How to copy one file based on a variable

I am building a python script to basically edit lots of files by means of searching and replacing words in the file.
There is an original file named: C:\python 3.5/remedy line 1.ahk
There is a file containing the words I want to replace (search words) in the original document and a text file that has the list of the new words that I would like to be placed into the final document.
The script then runs and works perfect. The final document is then created and named based on a line in the final text file (code begins on line 72). A way so I can tell what the final product is by looking at it. This file is originally named output = open("C:\python 3.5\output.ahk", 'w') and later in the script it is renamed based on line 37 in the script. All that works fine.
So the seemingly simple part left that I can't seem to figure out is how to take this one file and move it to a directory where it belongs. That directory is created based on the same line in that the file gets its name from (code starts on line 82). How do I simply move my file into a directory that has been created by the script, i.e. based on a variable (code starts on line 84 for this) so the name of the file is based on a variable.
import shutil
#below is where your modified file sits, before we move it into it's own directory named dst, based on a variable #mainnewdir
srcdir = r'C:\python 3.5/'+(justfilename)
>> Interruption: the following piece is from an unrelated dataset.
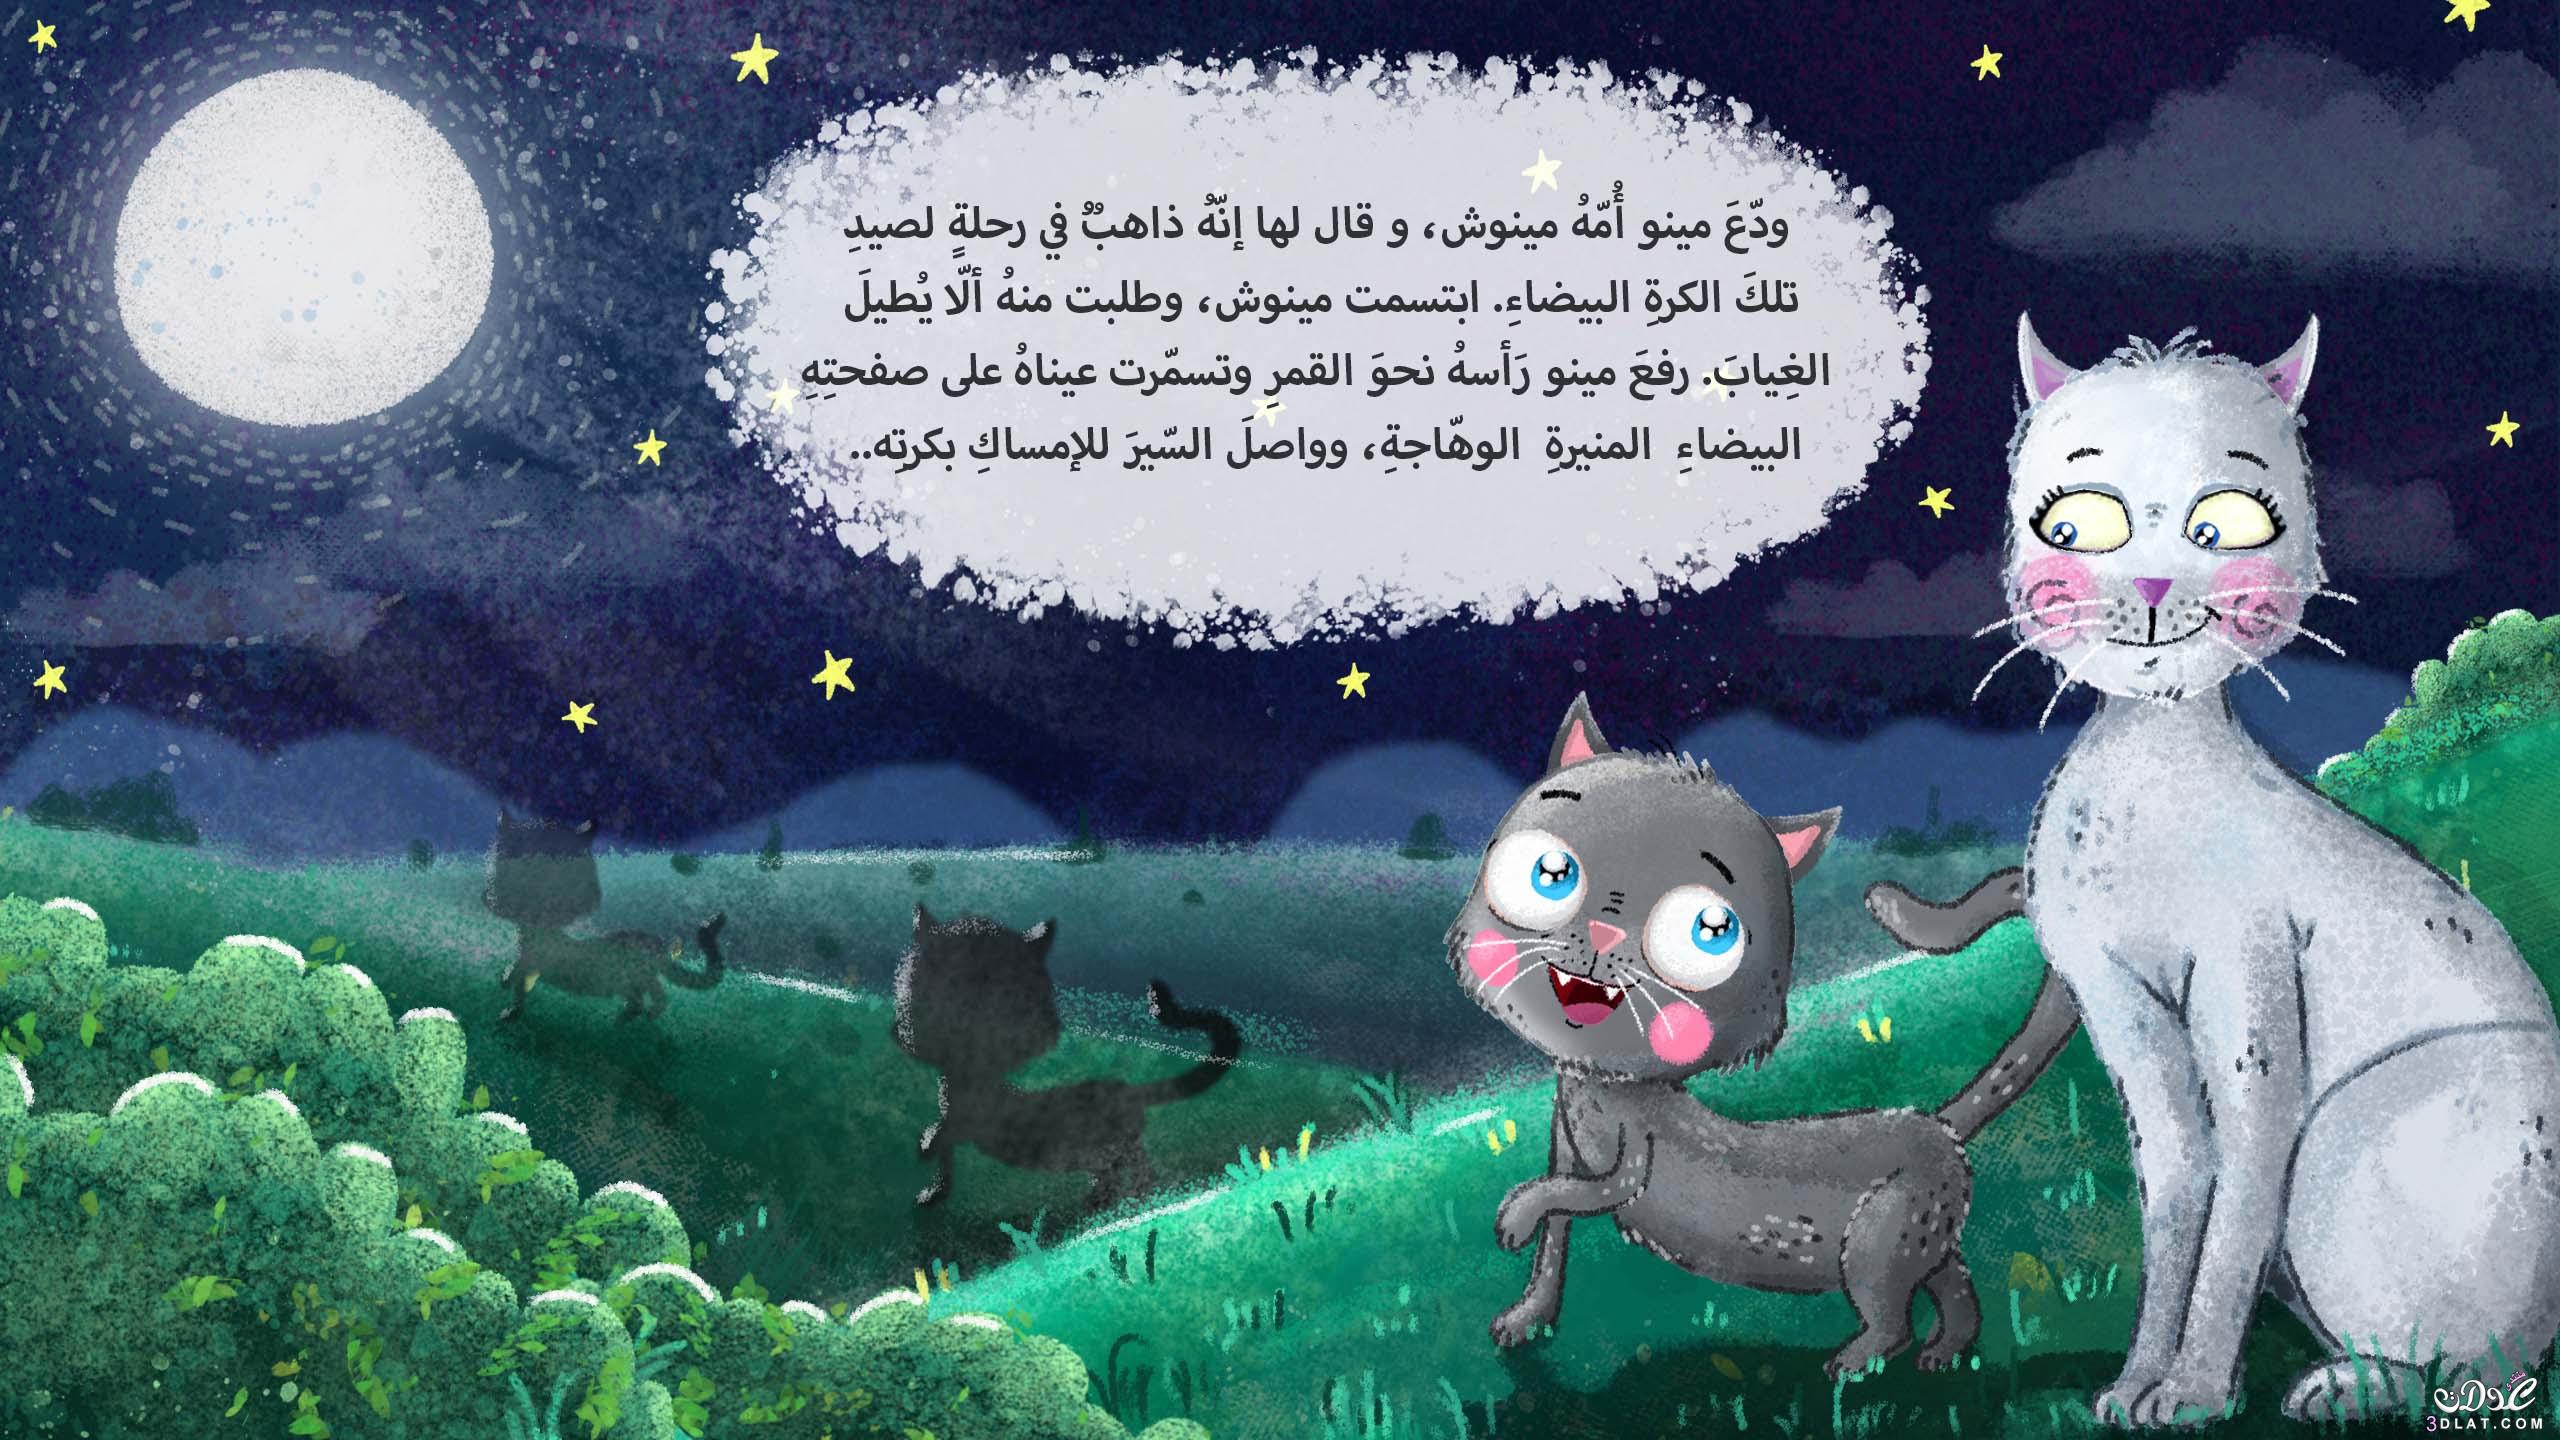 قصة مينو و القمر , قصة رائعة للاطفال , اروع القصص المصورة للاطفال

dst = (mainnewdir)+(justfilename)
shutil.copyfile(src, dst)
Why does it format it with extra \ in the code?
Why does it seem to not give me a error if I use a / vs. a \ slash?
Here is the entire code, like I said only the last part of moving the file does not work:
import os
import linecache
import sys
import string
import re
## information/replacingvalues.txt this is the text of the values you want in your final document
#information = open("C:\python 3.5\replacingvalues.txt", 'r')
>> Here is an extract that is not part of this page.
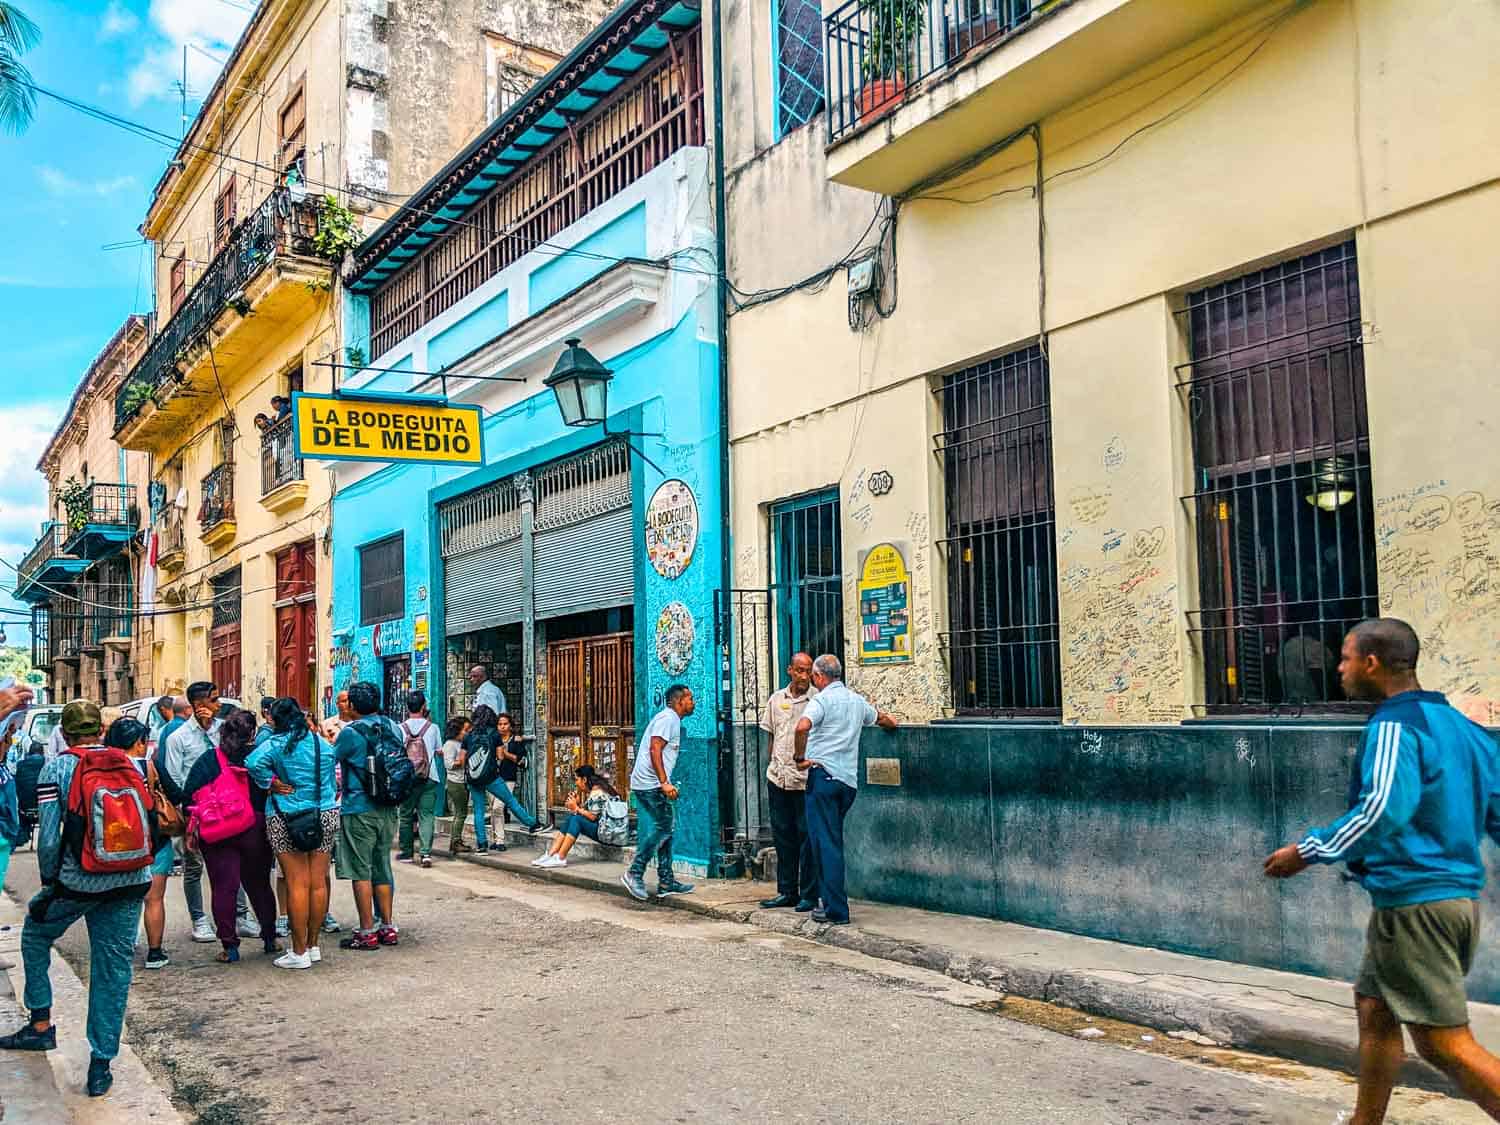 Bodeguita del Medio in Havana in Havana is one of the tourist spots for Hemingway in Cuba.

information = open("C:\python 3.5/replacingvalues.txt", 'r')
# information = open("C:\Program Files (x86)\Python35- 32\Scripts\Text_Find_and_Replace\information/replacingvalues.txt",
# Text_Find_and_Replace\Result/output.txt This is the dir and the sum or final document
# output = open("C:\python 3.5\output.ahk", 'w')
createblank = open ("C:\python 3.5/output.ahk", 'w')
createblank.close()
output = open("C:\python 3.5\output.ahk", 'w')
# field = open("C:\Program Files (x86)\Python35- 32\Scripts\Text_Find_and_Replace\Field/values.txt"
# Field is the file or words you will be replacing
field = open("C:\python 3.5/values.txt", 'r')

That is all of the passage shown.